Читаем Скуки не было. Вторая книга воспоминаний полностью

Кинув Вале Берестову эту свою загадочную реплику («Наша беда, голубчик, что мы с вами люди способные») и тут же разъяснив ее (способности — отнюдь не свойство поэтического дара, скорее — нечто ему противоположное, мешающее ему проявиться), он добавил, что люди, наделенные поэтическим талантом и в то же время способные, встречаются довольно часто; люди способные, но лишенные поэтического дара — еще чаще; а вот поэты, дар которых не замутнен, не искажен способностями, — поэтическая одаренность, явленная нам, так сказать, в чистом виде, без всяких чужеродных примесей, — встречается чрезвычайно редко. И именно вот таким чудом, — закончил он, — был Хлебников. И, подумав, добавил, что таким же, наверно, был и Блейк. Он, как и Хлебников, жил только поэзией, только внутренней, духовной жизнью.

Вот, например, была с ним (Хлебниковым, а не Блейком) такая история.

Во время одного из его скитаний какие-то доброжелатели поселили его в маленькой районной больничке — в дежурке, куда почти никто никогда не заходил. И он там целыми днями сидел и писал. Иногда забегала какая-нибудь медсестра, брала, что ей было нужно из медикаментов, и убегала. Хлебников не обращал на это внимания: сидел, писал. Но потом фельдшер той больницы приспособил эту дежурку для своих любовных свиданий с медсестрами. На странного чудака, сидящего в углу и поглощенного каким-то своим делом, они научились не обращать внимания: сразу видно было, что ему не до них. И они постепенно привыкли заниматься там своими любовными играми, не считаясь с присутствием постороннего человека. Как далеко заходили они в этих своих развлечениях, Маршак не уточнял. Но по голосу рассказчика, по самой тональности его рассказа можно было понять, что заходили довольно далеко. А Хлебников, как ни в чем не бывало, по-прежнему продолжал покрывать своими каракулями клочки бумаги. А потом они у него пропадали, он их терял. Но ему гораздо важнее было написать, чем сохранить написанное.

После этого разговора про Хлебникова я стал лучше понимать природу отношения С. Я. к моему другу Эмке.

К Маршаку Эмку привел я, предварительно много разных разностей про него порассказав Самуилу Яковлевичу. Так что к встрече с этим чудом природы С. Я. в какой-то мере был готов. Но такой бурной химической реакции, какая в результате этой встречи произошла, я не ожидал. Они буквально влюбились друг в друга, и я — и в тот день первого знакомства, и во все последующие наши встречи втроем — сразу был оттеснен на второй план.

Отчасти это случилось потому, что мои встречи и беседы с Маршаком — даже когда приходил к нему не один, а, скажем, с Валей Берестовым или тогдашним моим дружком и соавтором Стасиком Рассадиным, были беседами учителя с учениками.

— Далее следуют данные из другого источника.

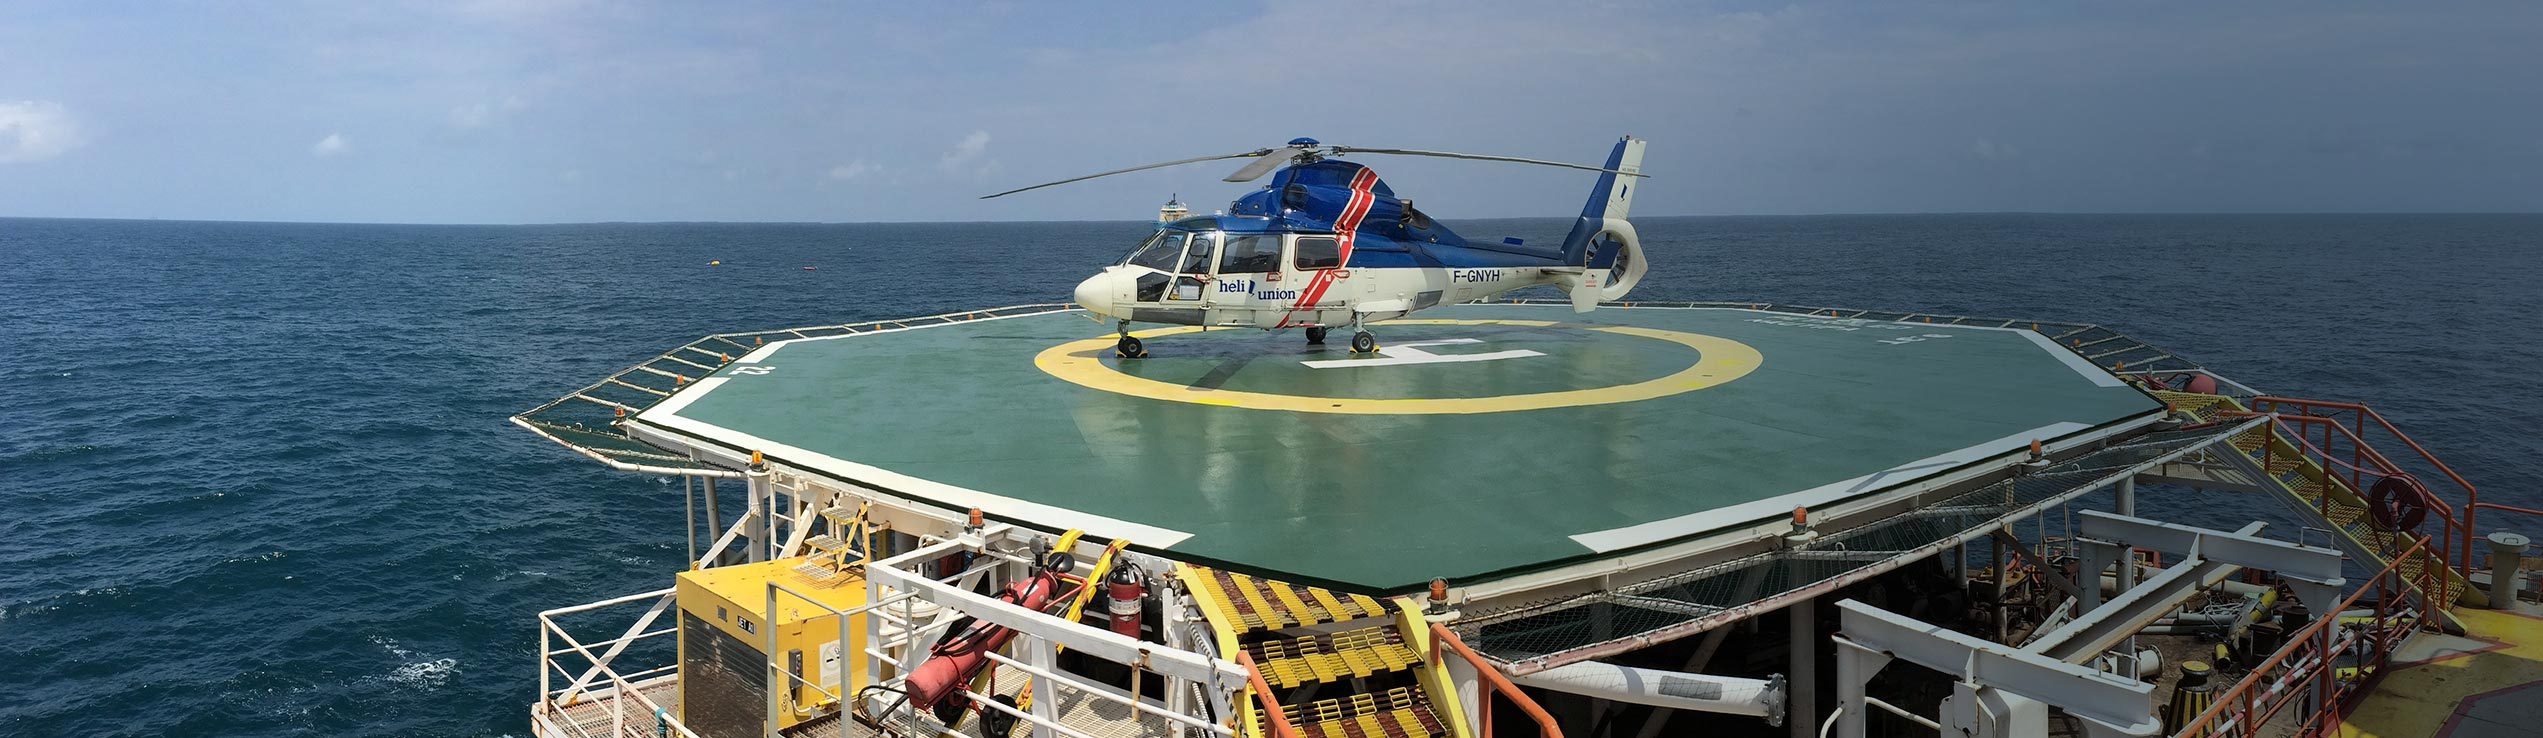 heli union fleet

Мы все смотрели ему в рот, слушали его, как правило, поддакивали, иногда — очень редко — задавали вопросы, в которых он мог услышать тень сомнения в безусловной его правоте. Но всё это не выходило за рамки раз навсегда твердо установившихся отношений учителя с учениками.

Эмка в своих отношениях с С. Я. сразу взял другой тон. Он говорил с ним как равный с равным. И Маршак этот нахальный тон сразу принял. Вероятно, потому, что сразу почувствовал в этом новом своем госте полного своего единомышленника.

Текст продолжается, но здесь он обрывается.